- **Exercise description**: Please give the lines below again exactly as they stand, from the one that contains "База США в Польше: Кремль" up to and including the one that contains "инстаграма распечатать солнце", leaving all pictures out.

- **Data to use**:
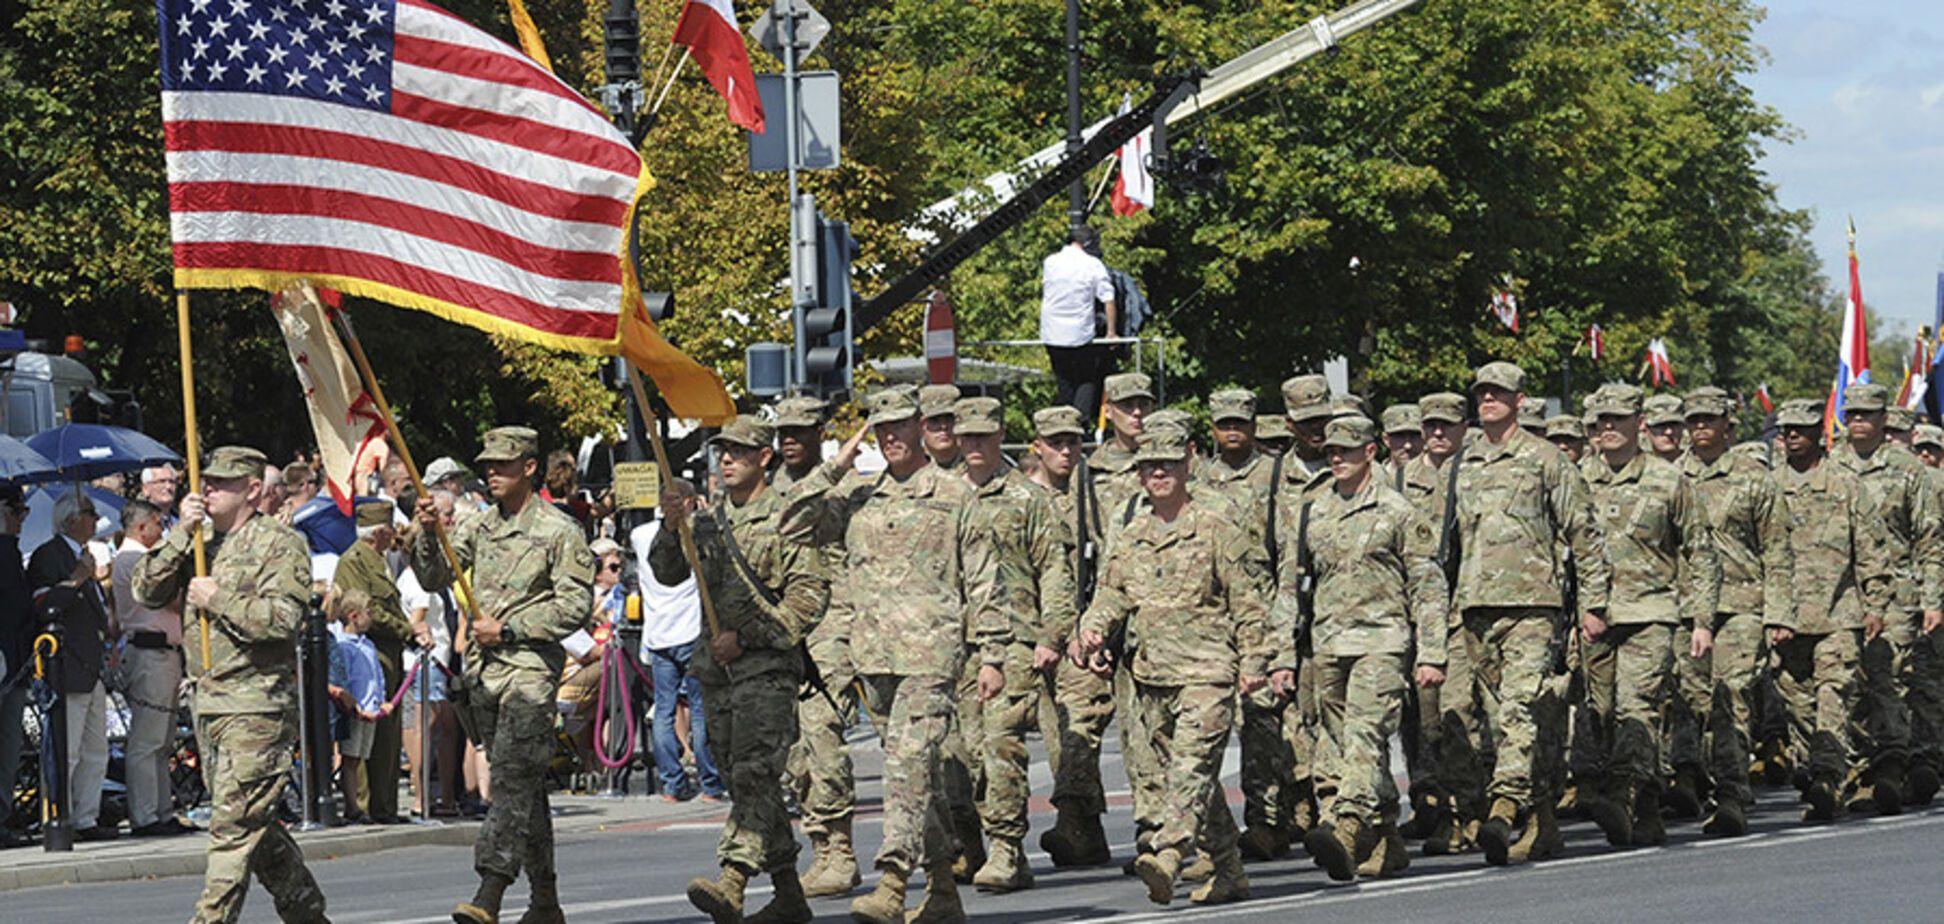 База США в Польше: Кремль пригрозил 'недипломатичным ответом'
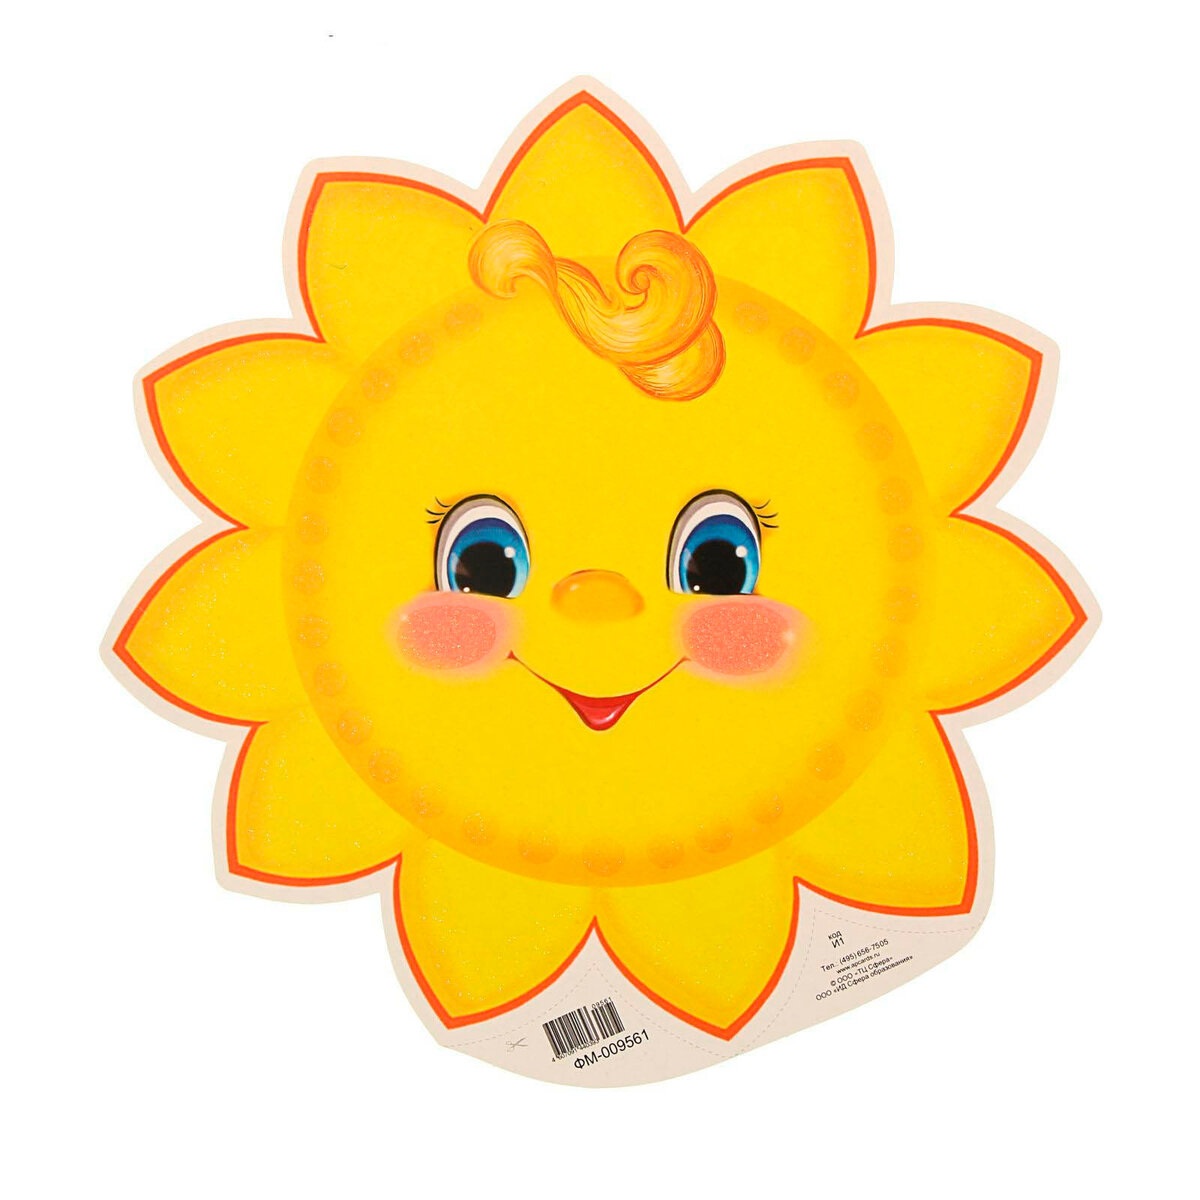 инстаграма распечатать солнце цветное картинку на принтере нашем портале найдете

...

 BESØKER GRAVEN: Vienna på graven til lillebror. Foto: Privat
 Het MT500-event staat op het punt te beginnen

- **Exercise output**:
 База США в Польше: Кремль пригрозил 'недипломатичным ответом'
 инстаграма распечатать солнце цветное картинку на принтере нашем портале найдете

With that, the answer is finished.